● PROBLEM TO WORK ON: Copy nothing before the line that contains "Dimensions: approx. 1.70 x 1.70 centimeters"; from there, transcribe each line exactly through the end of the material, omitting pictures.

*** Opening of SUPPLIED ENTRIES ***

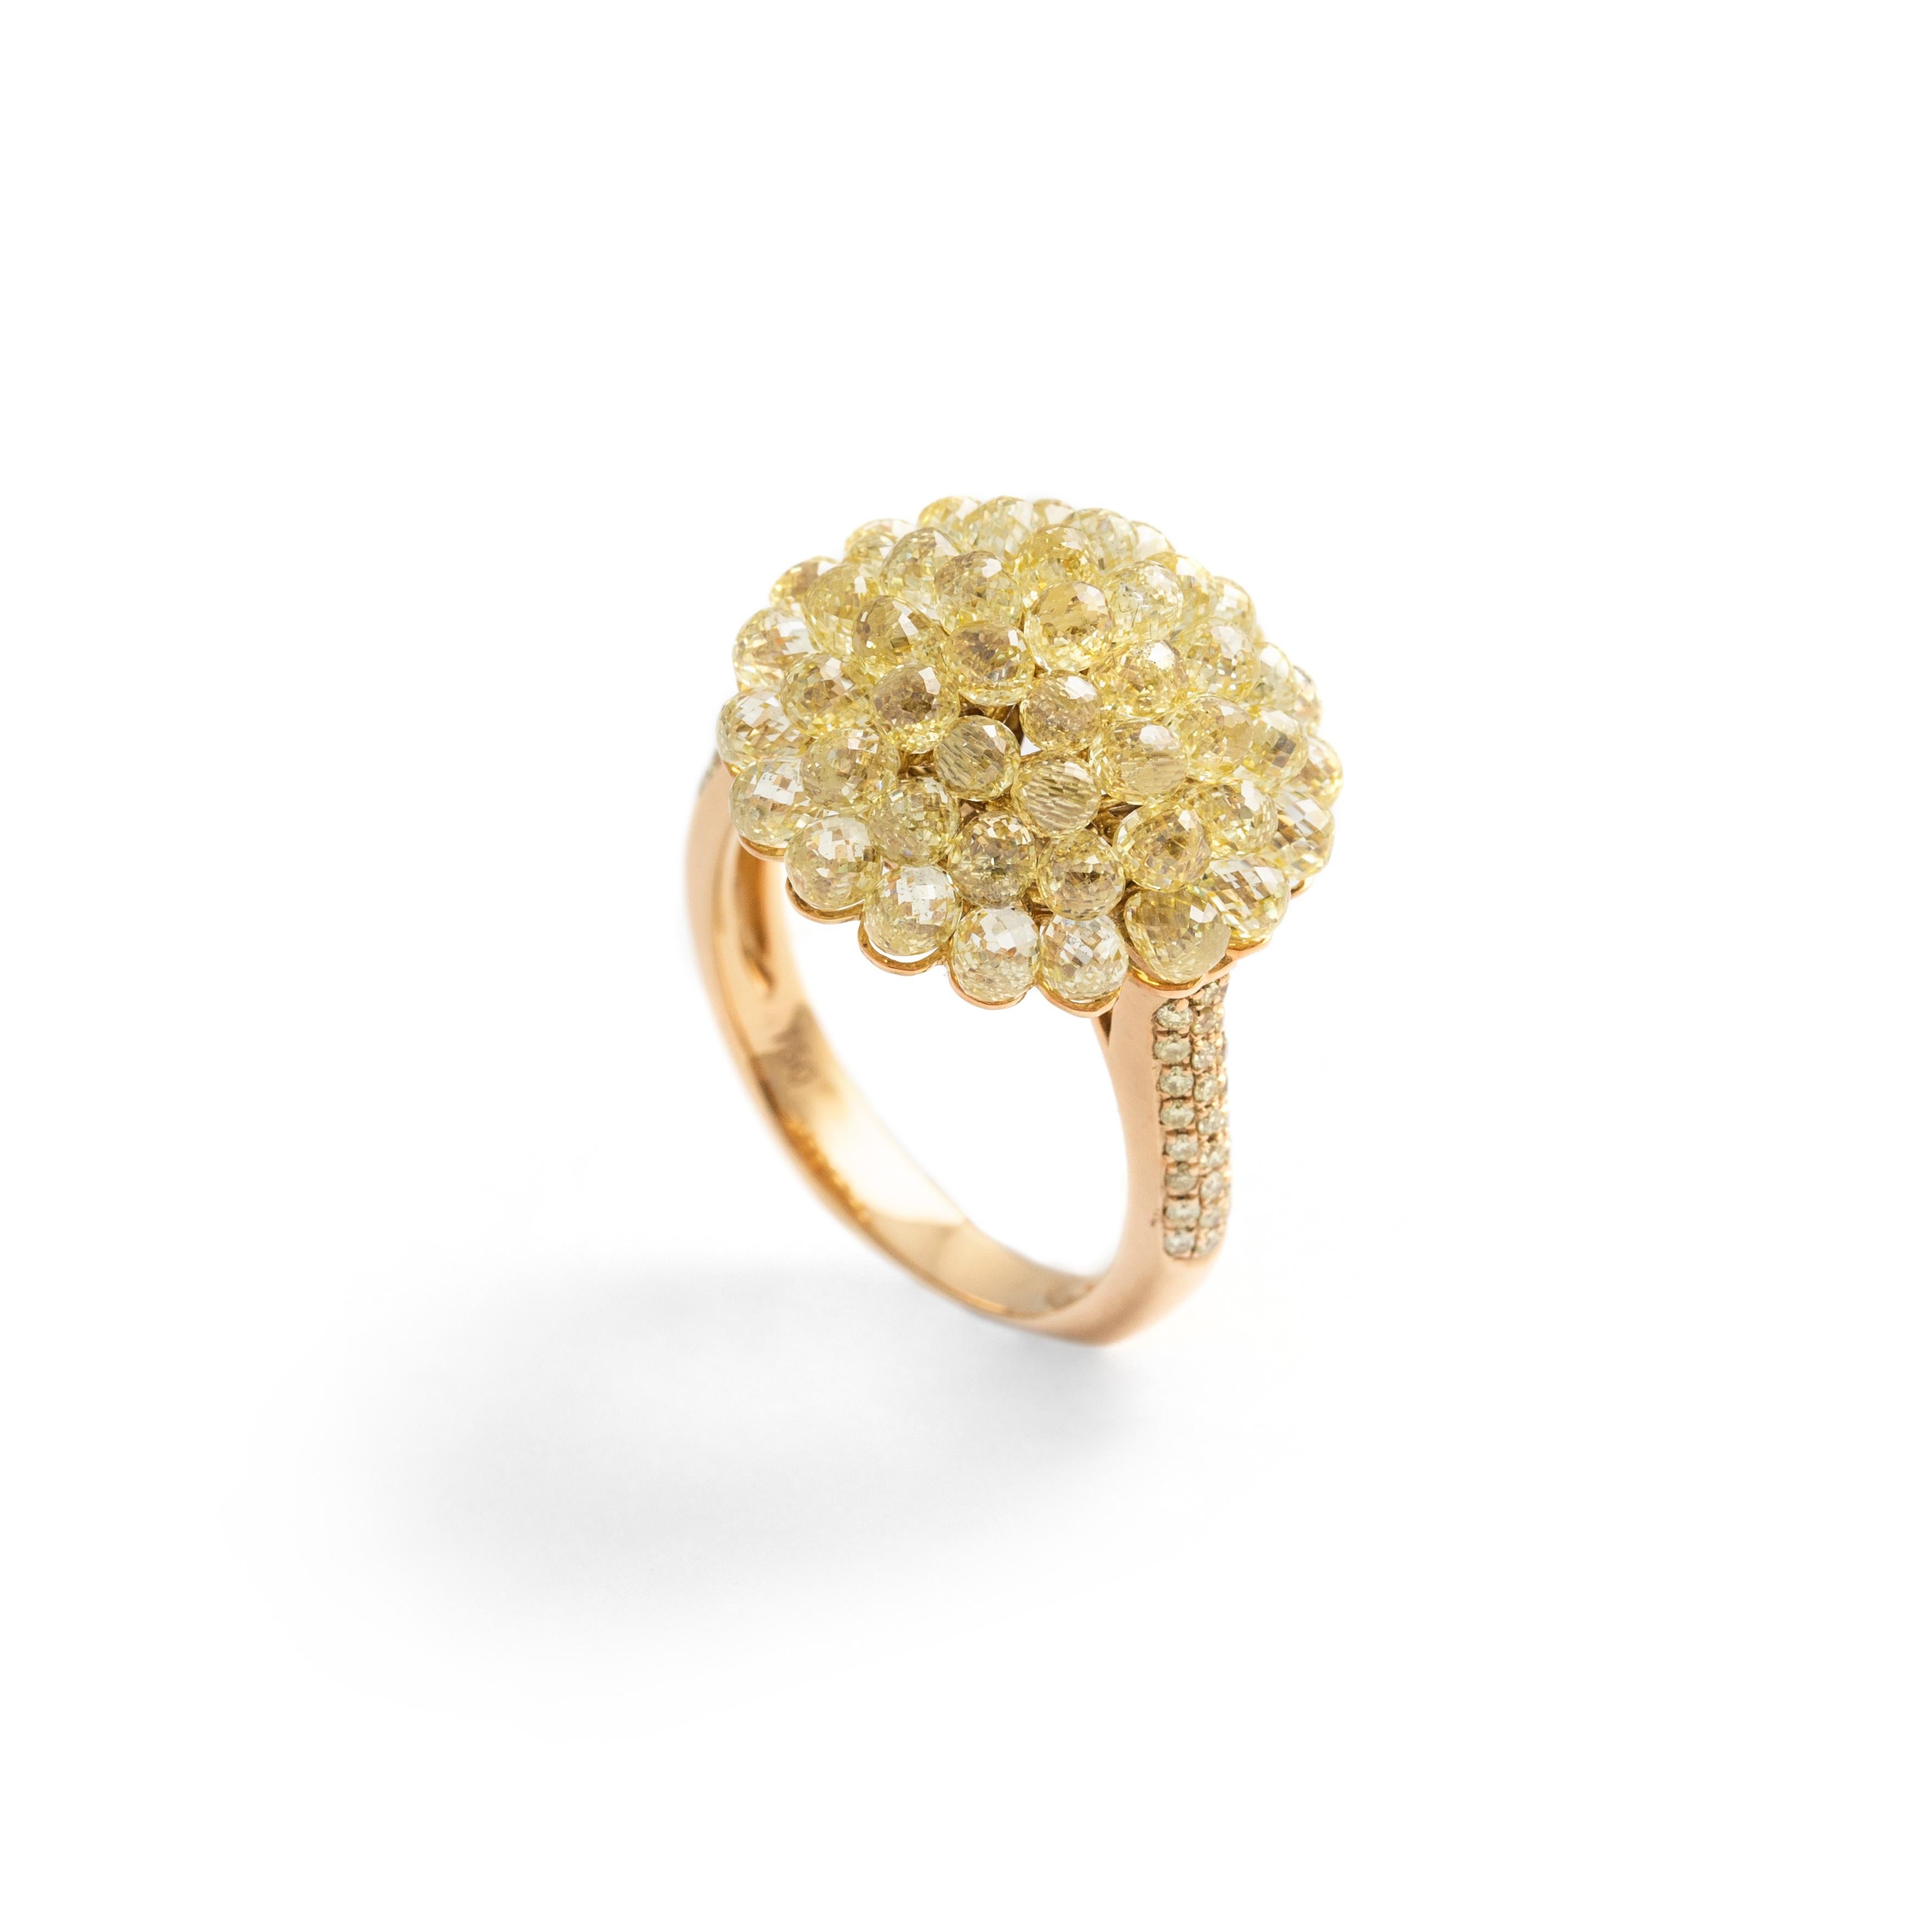 Ring in yellow gold 18K with briolette cut and round cut yellow color diamond 9.05 carat, estimated Si1 clarity.
Size: 7.25
Dimensions: approx. 1.70 x 1.70 centimeters
Total gross weight: 7.39 grams.
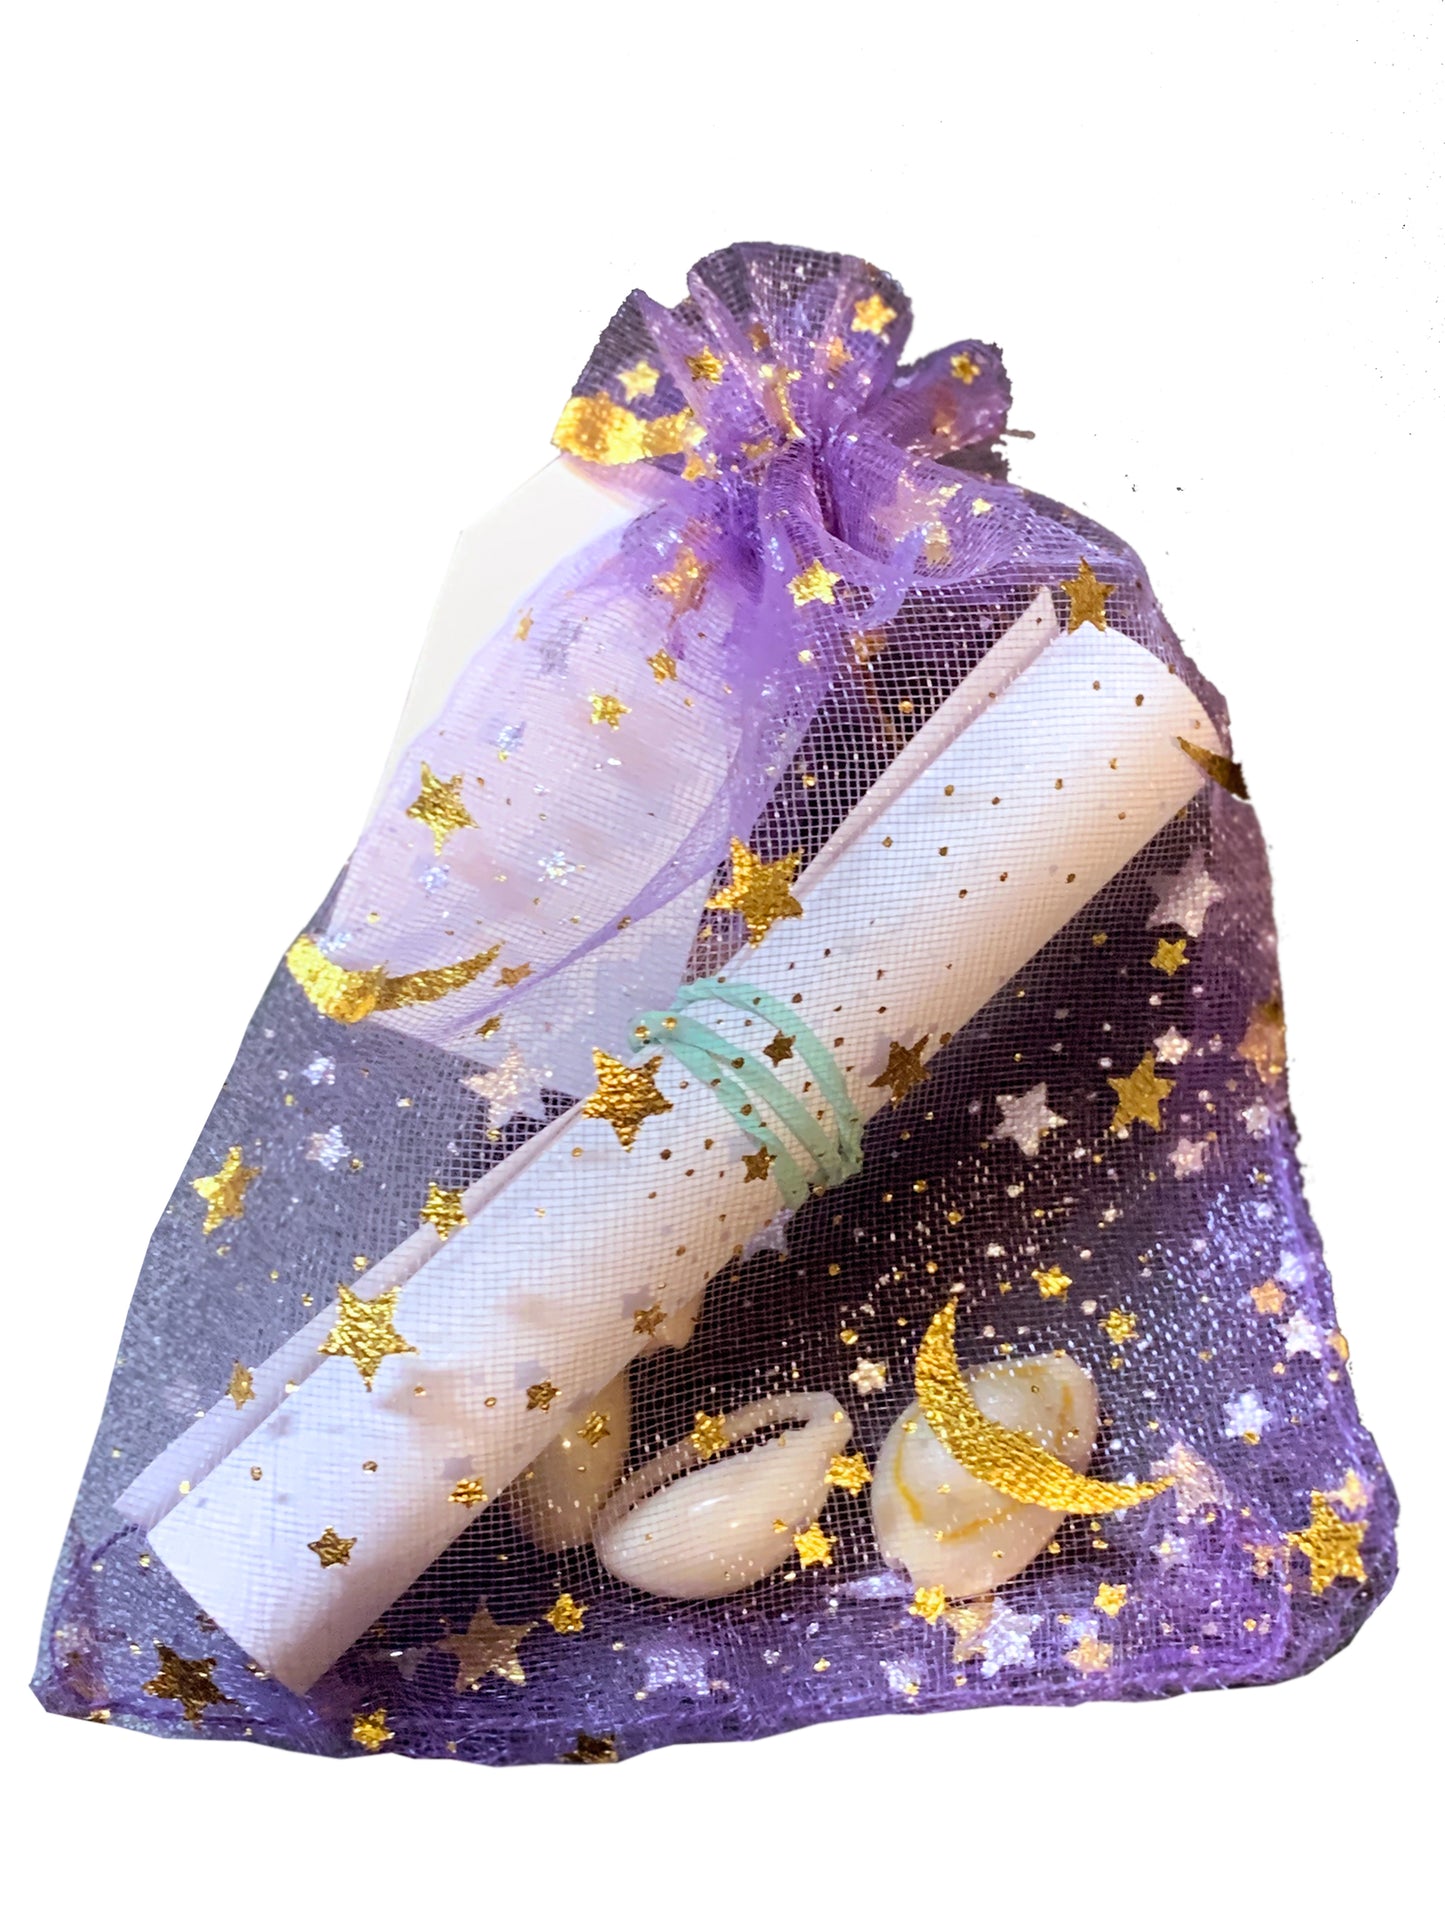 Cowrie Shell Divination Kit - Moonlight Potions & Charms

*** Close of SUPPLIED ENTRIES ***

● SOLUTION TO THE PROBLEM:
Dimensions: approx. 1.70 x 1.70 centimeters
Total gross weight: 7.39 grams.
 Cowrie Shell Divination Kit - Moonlight Potions & Charms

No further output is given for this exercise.